Trying to get EXLA working on Jetson Orin AGX box with CUDA 11.8

I’ve been trying for the past week to get a running version of Livebook on a Jetson Orin AGX box (integrated GPUs) The box only has CUDA version 11.8 and 11.4 installed.

Whenever I try to run the EXLA tests to just ensure basic CUDA works, I get this error:

dave@CHCHE-ORIN-01:~/work/nx/exla$ mix test
Using libexla.so from /home/dave/.cache/xla/exla/elixir-1.17.2-erts-14.2.5-xla-0.5.1-exla-0.6.4-6c7e3kyqmrq4l2ogbwoouzxmw4/libexla.so
make: '/home/dave/work/nx/exla/_build/test/lib/exla/priv/libexla.so' is up to date.

08:37:06.137 [info] domain=elixir.xla file=xla/stream_executor/cuda/cuda_gpu_executor.cc line=880  could not open file to read NUMA node: /sys/bus/pci/devices/0000:00:00.0/numa_node
Your kernel may have been built without NUMA support.

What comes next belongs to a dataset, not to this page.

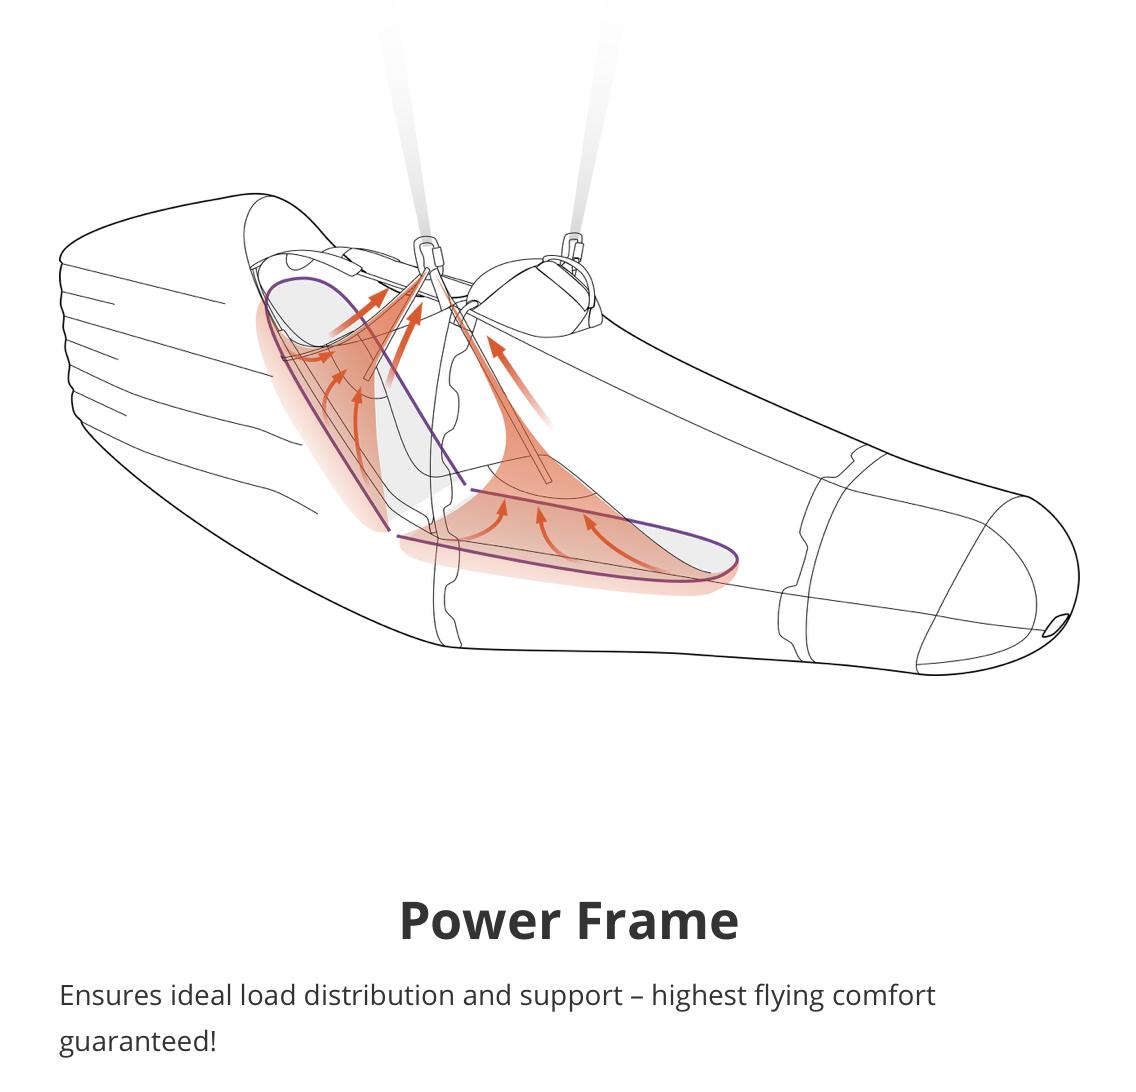 Skywalk Range X-Alps 2 - Power Frame

08:37:06.145 [info] domain=elixir.xla file=xla/service/service.cc line=168  XLA service 0xffff54002c80 initialized for platform CUDA (this does not guarantee that XLA will be used). Devices:

08:37:06.146 [info] domain=elixir.xla file=xla/service/service.cc line=176    StreamExecutor device (0): Orin, Compute Capability 8.7

08:37:06.146 [info] domain=elixir.xla file=xla/pjrt/gpu/se_gpu_pjrt_client.cc line=633  Using BFC allocator.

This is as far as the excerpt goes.